Single-sample versus case-control sampling scheme for Positive Unlabeled data: the story of two scenarios
Jan Mielniczuk, Adam Wawrzeńczyk
TL;DR
The paper addresses how positive-unlabeled (PU) learning methods, especially those based on empirical risk minimization (ERM), can fail when applied across different data-labeling schemes. By deriving risk representations under the SCAR assumption for both single-sample (s-s) and case-control (c-c) settings, the authors show that the risk decompositions differ and that using a method tailored to one scenario on data from the other is only valid under rare equalities. They propose a scenario-aware PU method, nnPU_{ss}, and compare it to nnPU_{cc}, providing explicit empirical risk formulations for each setting and demonstrating through experiments on 18 datasets that mis-specified methods can overfit and perform poorly, especially at high label frequencies $c$. The results advocate aligning the learning objective with the data collection scheme and offer practical, code-backed guidance for scenario-aware PU inference with significant implications for PU-based ranking and evaluation in real-world applications.
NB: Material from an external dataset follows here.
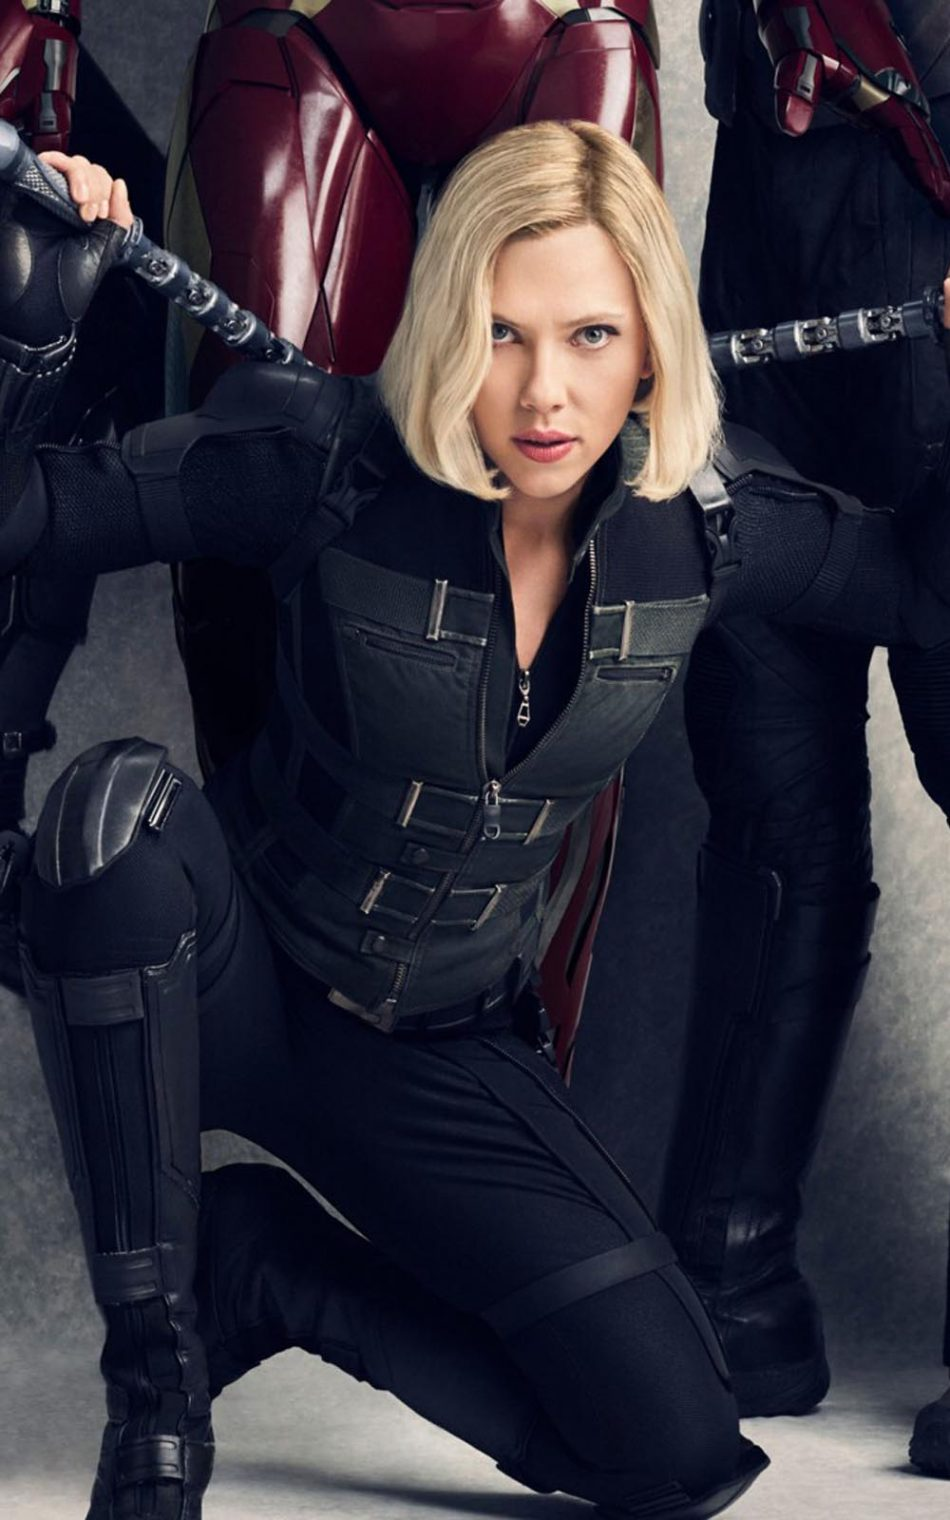 Scarlett Johansson In Avengers Infinity War HD Mobile Wallpaper

The work underscores the importance of changing the risk definition to reflect how unlabeled data are generated, enabling more robust and interpretable PU classifiers across diverse data collection contexts.
Abstract
In the paper we argue that performance of the classifiers based on Empirical Risk Minimization (ERM) for positive unlabeled data, which are designed for case-control sampling scheme may significantly deteriorate when applied to a single-sample scenario. We reveal why their behavior depends, in all but very specific cases, on the scenario. Also, we introduce a single-sample case analogue of the popular non-negative risk classifier designed for case-control data and compare its performance with the original proposal. We show that the significant differences occur between them, especiall when half or more positive of observations are labeled. The opposite case when ERM minimizer designed for the case-control case is applied for single-sample data is also considered and similar conclusions are drawn. Taking into account difference of scenarios requires a sole, but crucial, change in the definition of the Empirical Risk.